Potrzeba spłaszczania struktur organizacyjnych i pracy w zespołach wytworzyła podejście organiczne (rozproszonego przywództwa), które jest rozumiane jako sieć osób wpływających na ludzi, inicjujących ich aktywność, dbających o warunki do uzyskiwania rezultatów. To podejście niekoniecznie oznacza formalną władzę, często opiera się relacjach i wiedzy eksperckiej osób pełniących rolę (niekoniecznie funkcję) liderów. Wszystkie te podejścia pokazują, jak wiele jest sposobów opisywania przywództwa. Odzwierciedlają one rozwój i ewolucję koncepcji organizacyjnych (paradygmat organizacji). Jednym słowem, każdy paradygmat ma swój archetyp (wzorzec) idealnego lidera.

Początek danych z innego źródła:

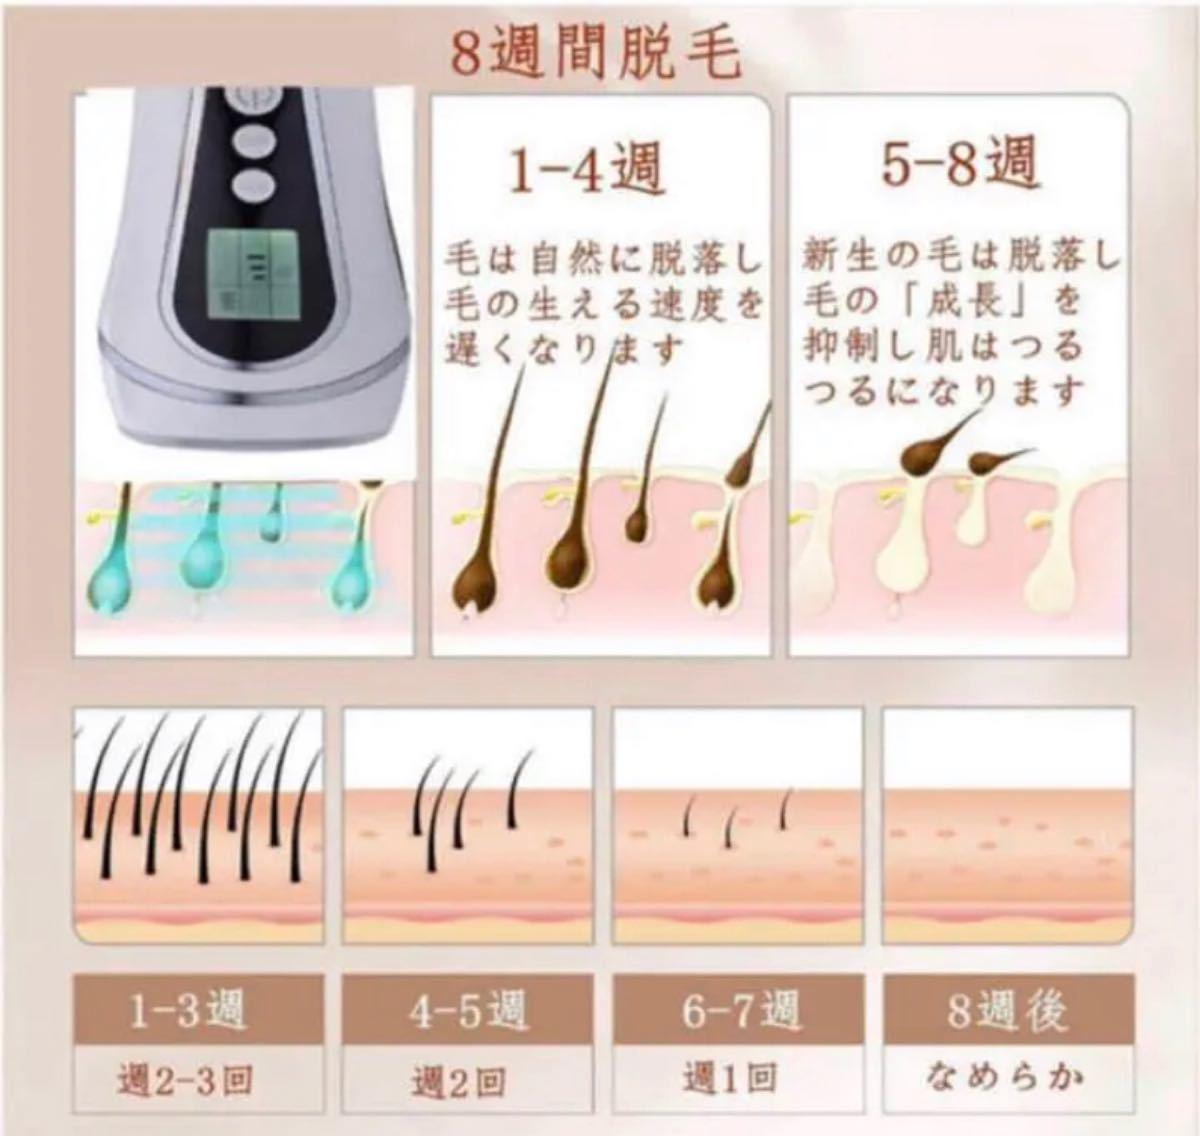 レーザー 永久脱毛 IPL光脱毛器 光美容器 家庭用脱毛器 メンズ レディース

James Kouzes i Barry Posnerͽ odkryli, że współczesne przywództwo wiąże się raczej z procesem, za którym idziemy, a nie z osobą lidera. Inny badacz, Robert Quinnͽ zauważył dodatkowo, że liderem nie jest się cały czas. W uproszczeniu można by powiedzieć, że menedżerem jest się na co dzień, a liderem tylko w niektórych ważnych momentach (przywództwo fundamentalne). Oznacza to, że oddziaływanie na ludzi, sprawianie, by inni podążali za liderem i w ogóle postrzegali go jako przywódcę, nie jest dane na zawsze. To z kolei oznacza, że lider musi zaakceptować zmienność cykli i być raz przywódcą fundamentalnym (np. w chwilach kryzysów, zmian, w sytuacjach niejasnych), innym razem liderem ekspertem, a jeszcze innym – usunąć się w cień (gdy ludzi trzeba zostawić samym sobie). W tym ujęciu lider często staje się kluczowym zasobem dla organizacji czy zespołu.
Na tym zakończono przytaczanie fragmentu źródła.